Wednesday, 18 April 2012

The British Statute of Anne (1709)


The British Statute of Anne (1709) further alluded to individual rights of the artist, beginning: "Whereas Printers, Booksellers, and other Persons, have of late frequently taken the Liberty of Printing... Books, and other Writings, without the Consent of the Authors... to their very great Detriment, and too often to the Ruin of them and their Families:"  A right to benefit financially from the work is articulated, and court rulings and legislation have recognized a right to control the work, such as ensuring that the integrity of it is preserved.  An irrevocable right to be recognized as the work's creator appears in some countries' copyright laws.
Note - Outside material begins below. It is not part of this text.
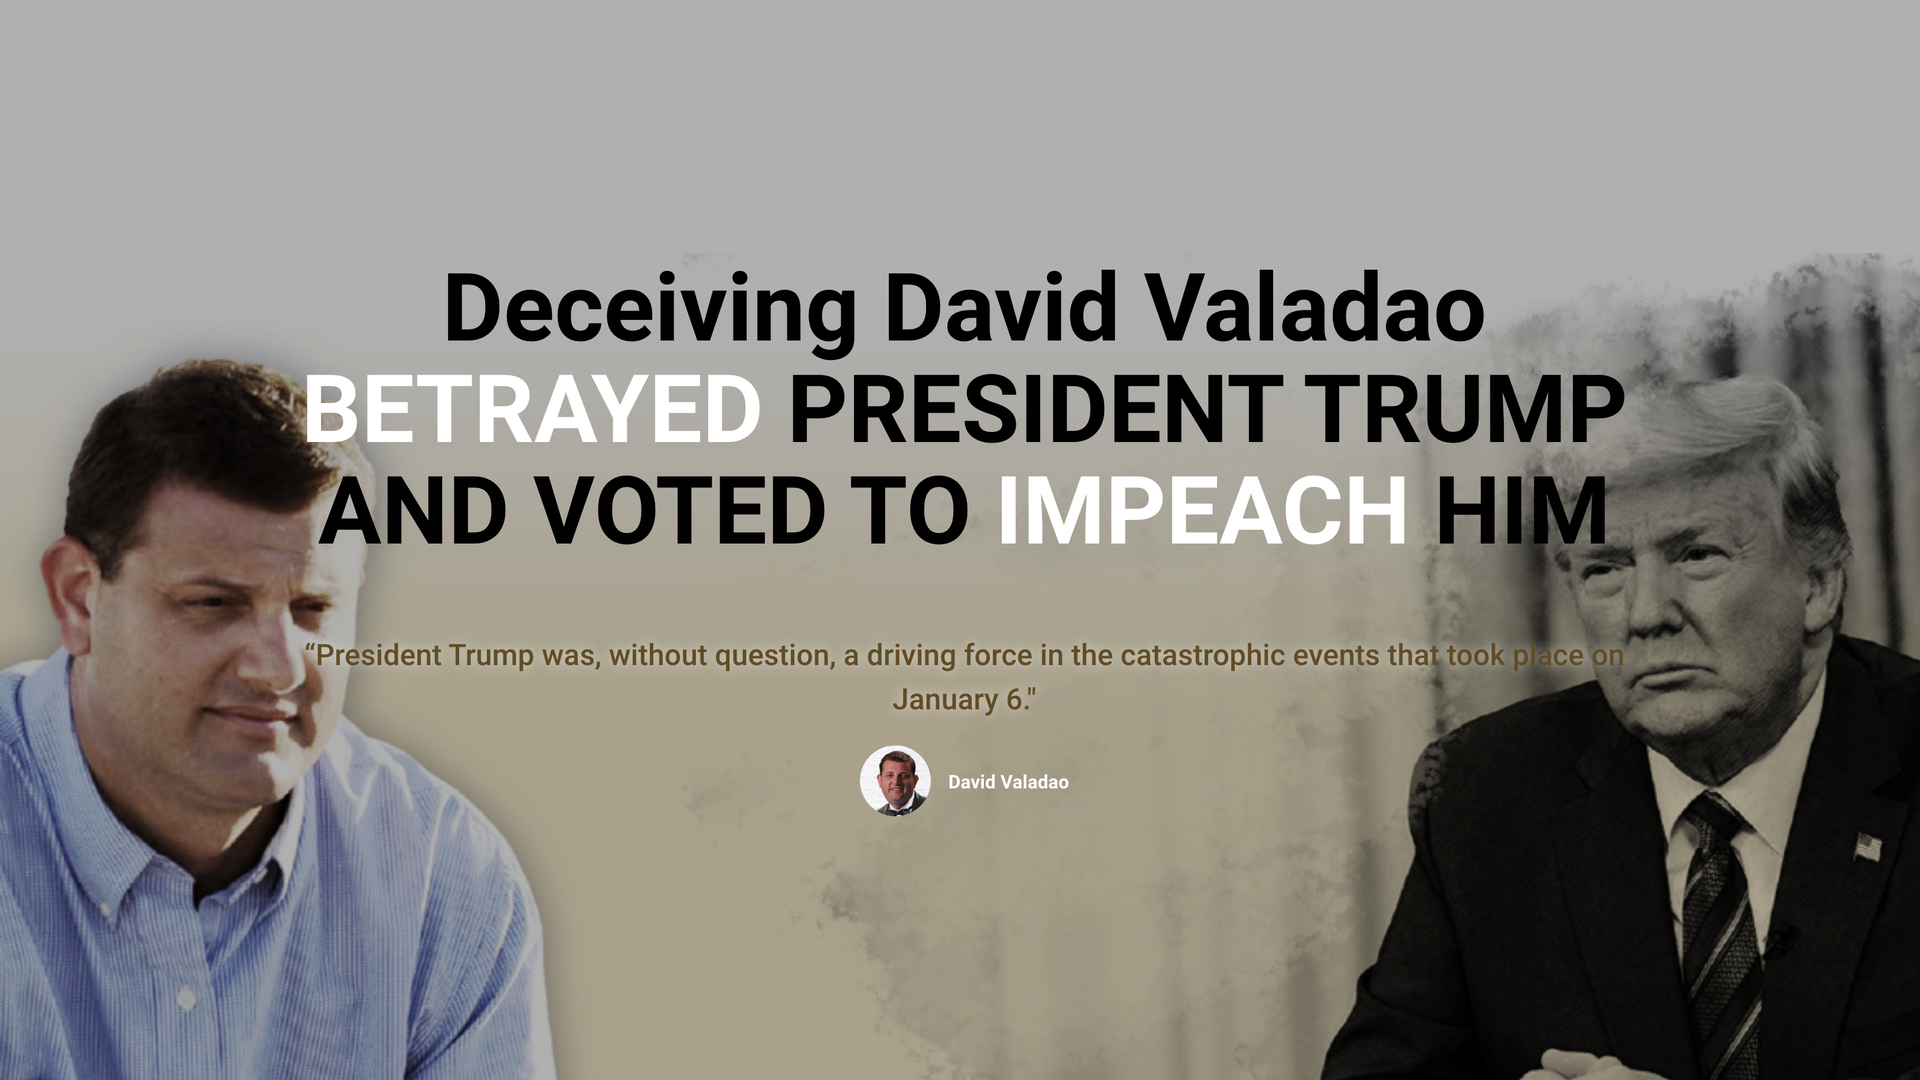 A screenshot of a website attacking Republican David Valadao as a "traitor" to Donald Trump.

Aside from the role of governments and the church, the history of copyright law is in essential ways also connected to the rise of capitalism and the attendant extension of commodity relations to the realm of creative human activities, such as literary and artistic production.  Similarly, different cultural attitudes, social organizations, economic models and legal frameworks are seen to account for why copyright emerged in Europe and not, for example, in Asia.  In the Middle Ages in Europe, there was generally a lack of any concept of literary property due to the general relations of production, the specific organization of literary production and the role of culture in society.  The latter refers to the tendency of oral societies, such as that of Europe in the medieval period, to view knowledge as the product, expression and property of the collective.

Not until capitalism emerges in Europe with its individualist ideological underpinnings does the conception of intellectual property and by extension copyright law emerge.  Intellectual production comes to be seen as a product of an individual and their property, rather than a collective or social product which belongs in the commons.  The most significant point is that under the capitalist mode of production, patent and copyright laws support in fundamental and thoroughgoing ways the expansion of the range of creative human activities that can be commodified.  This parallels the ways in which capitalism led to the commodification of many aspects of social life that hitherto had no monetary or economic value per se.

The Statute of Anne was the first real copyright act, and gave the publishers rights for a fixed period, after which the copyright expired.  Copyright has grown from a legal concept regulating copying rights in the publishing of books and maps to one with a significant effect on nearly every modern industry, covering such items as sound recordings, films, photographs, software, and architectural works.